That really depends upon the legal jurisdiction one is in.

I'm not about to do a round-up of which legal jurisdictions would rule
which way, but the legal situation is not nearly as clear cut as you
seem to think it is.

However, in as much as you use American English, the odds are that you
think you can file the lawsuit in the United States. Ignoring
jurisdictional issues,
the odds are that the statements you object to, fall squarely under the
"advertising puffery" exception. Furthermore, with a few clearly defined
exceptions,
courts in the Untied States tend to treat "No Warranty" as meaning
"everything you were told was a bunch of bullshit,
and you are an idiot to think any of it was even remotely plausibly
accurate."

I've seen US courts throw noise complaints out, because there was a
single paragraph in the sheaf of papers signed at the time of purchase,
that stated: "This property
is in Noise Zone 3." That county ordinances required a specific sheet of
paper, with specific details to be signed off on, was deemed irrelevant,
because the paragraph
carried the clear, legal message, as defined by state law. That the
purchaser didn't know what "Noise Zone 3" meant, was simply a lack of
due diligence on the part
of the purchaser. ("Noise Zone 3" means that you are in the direct
flight path of extremely noisy, slow moving warplanes flying very close
to the ground, at all
hours of the day and night.)

until others who "do have the skills" see fit to spend their valuable
time on issues that they confirm at their sole discretion,

Part of "active involvement" is either writing the code, or persuading
somebody to write the code, to fix the specific issues that one is having.

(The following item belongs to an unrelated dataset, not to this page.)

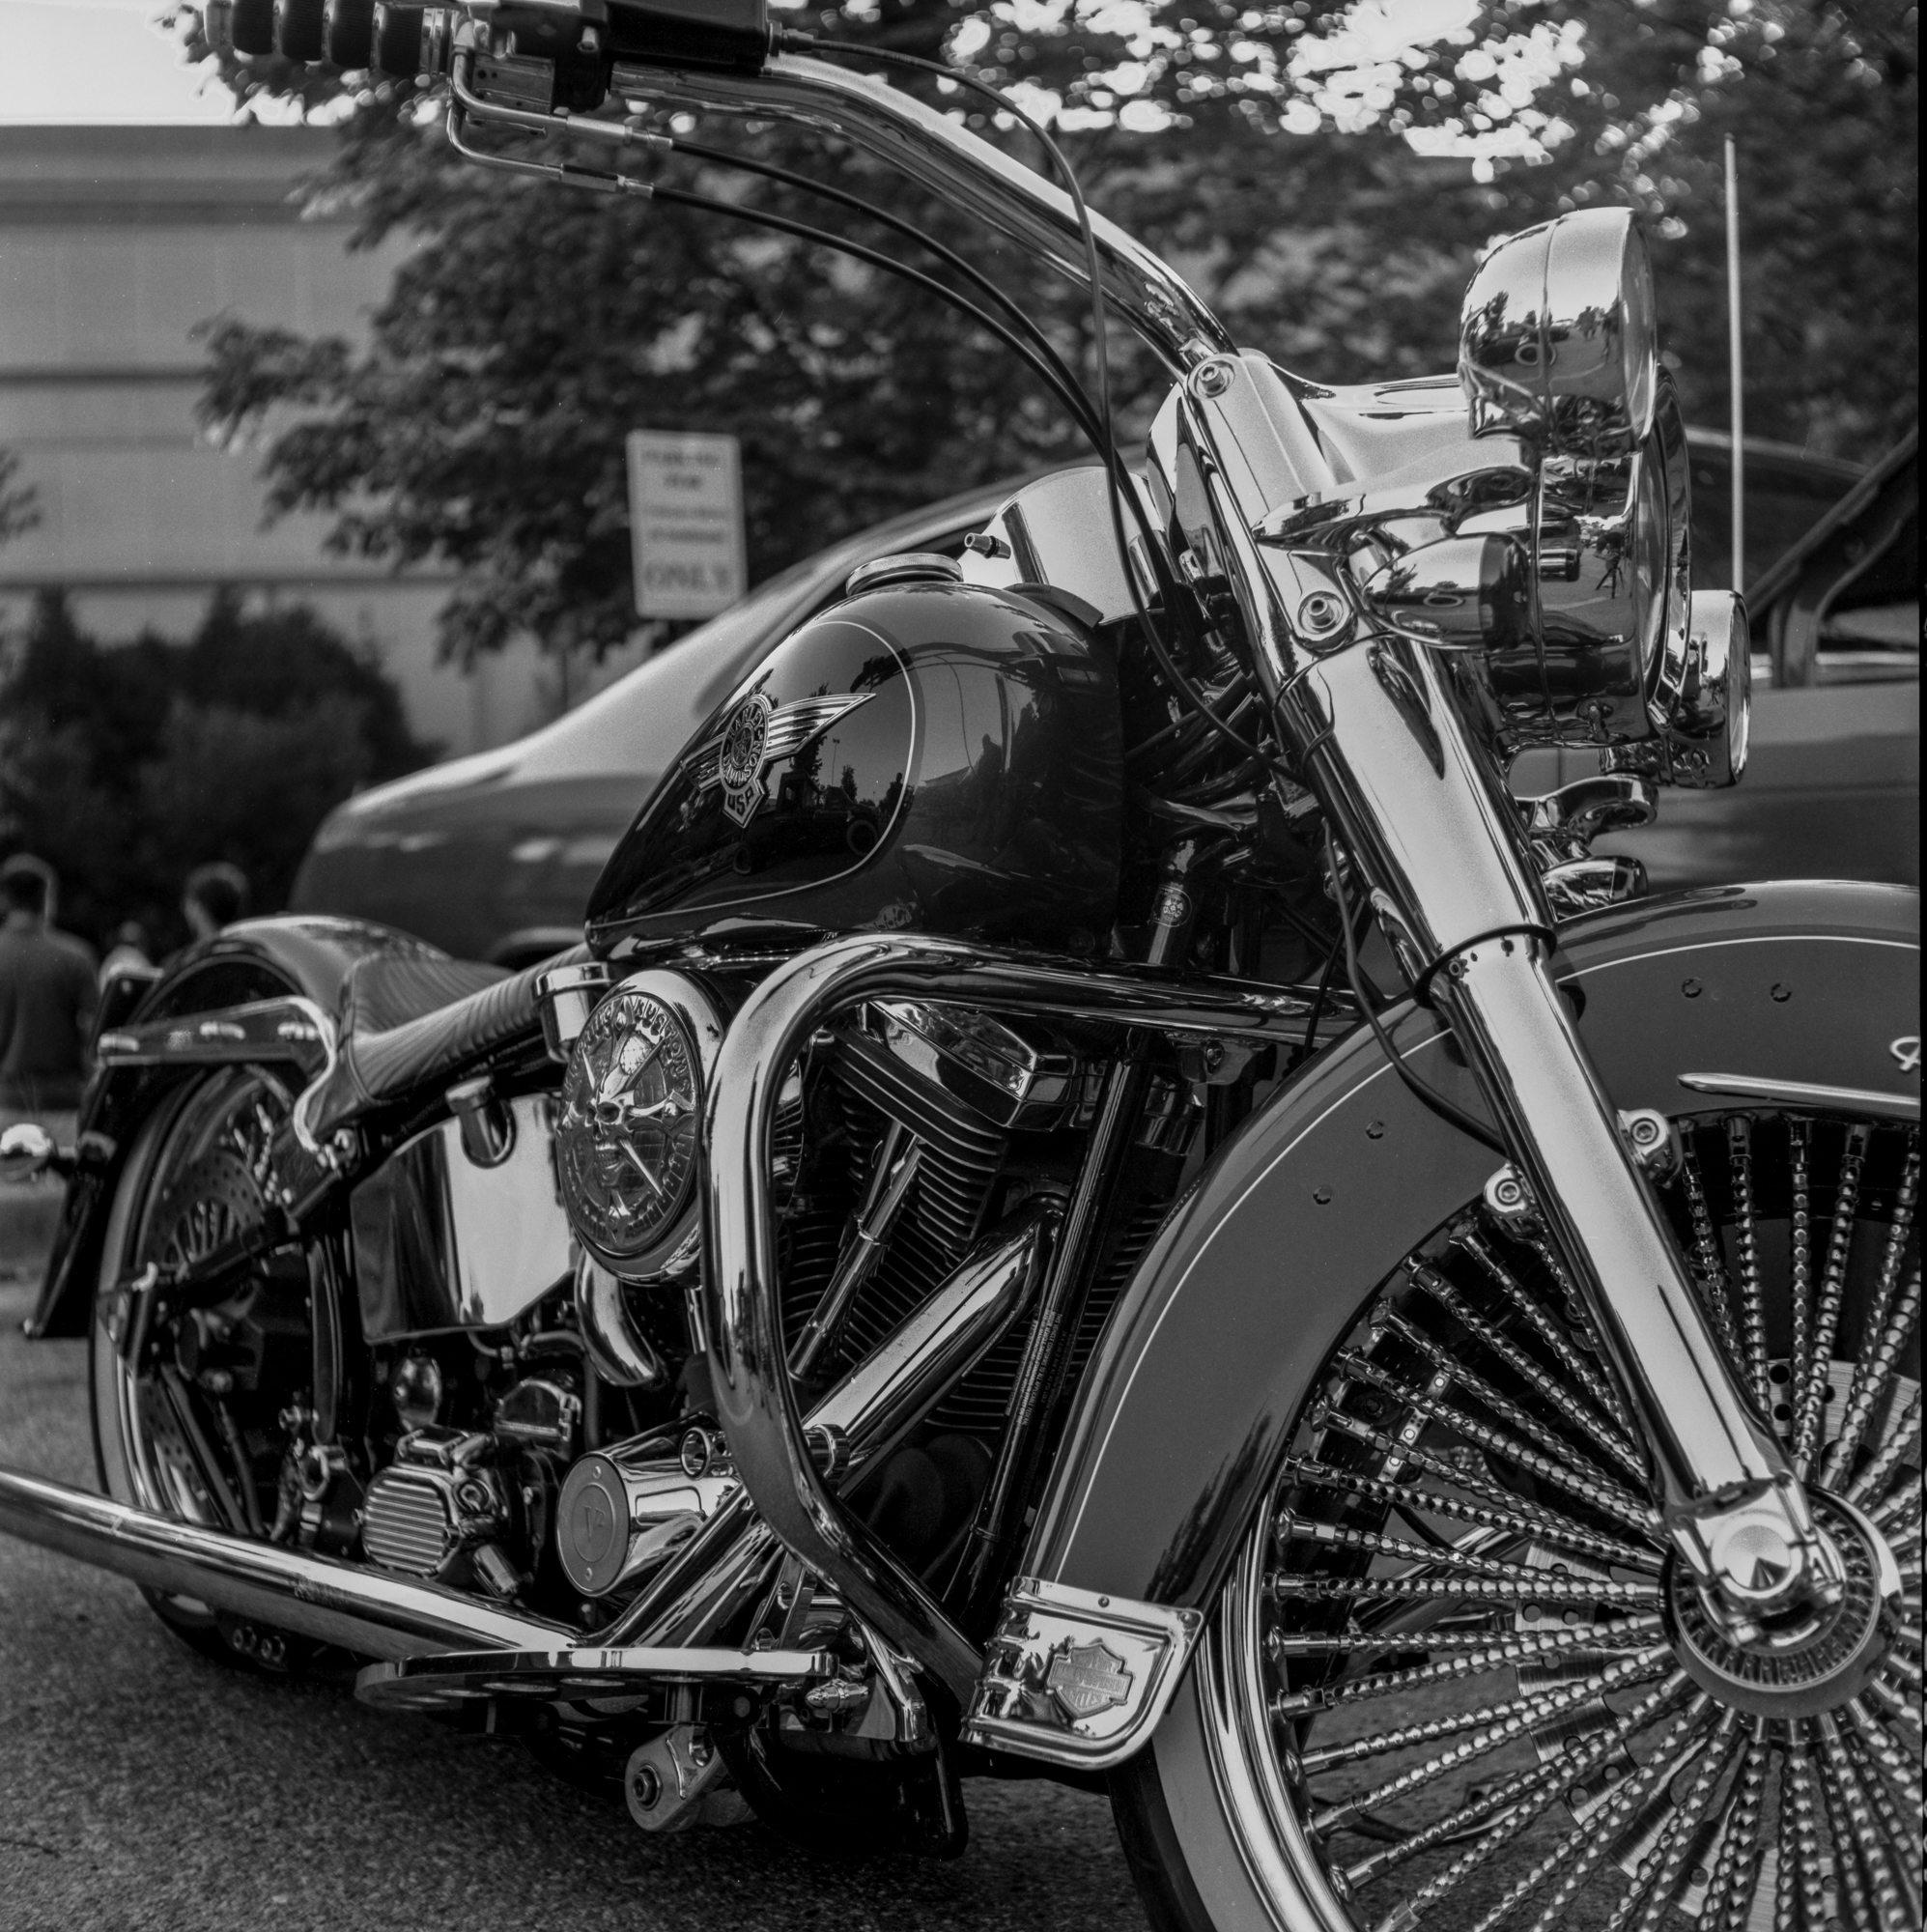 A Nice Chrome Laden Custom Motorcycle

A Bishop in the united states, once attended his own Christmas sermon dressed up as a beggar.

FYI, that never happened.  It was an illustration told by a cleric, as
part of a sermon on showing love to all.

This person says "feel free to report a bug" after saying that no one is going to listen to it 
anyway.

I sympathize with the non-response that filing a bug that gets ignored,
or closed as "Wont Fix" generates. Nonetheless, there are individuals and
organizations that go through those bug reports, looking for things that
can be "easily fixed/implemented". Occasionally, they even tackle the
"hard to implement"
RFEs.

The question of whether something /should/ work in a certain way, is apparently not important.

Something people have a lot of trouble understanding, is that features
that work according to the specifications provided when implemented,
are features that work correctly. That what they do doesn't correlate
with how the rest of the world views things, is irrelevant.

That is when users can ask for a feature enhancement. Depending upon how
great a divergence from reality the original specification was,
the feature enhancement might be worked upon, or it might be ignored.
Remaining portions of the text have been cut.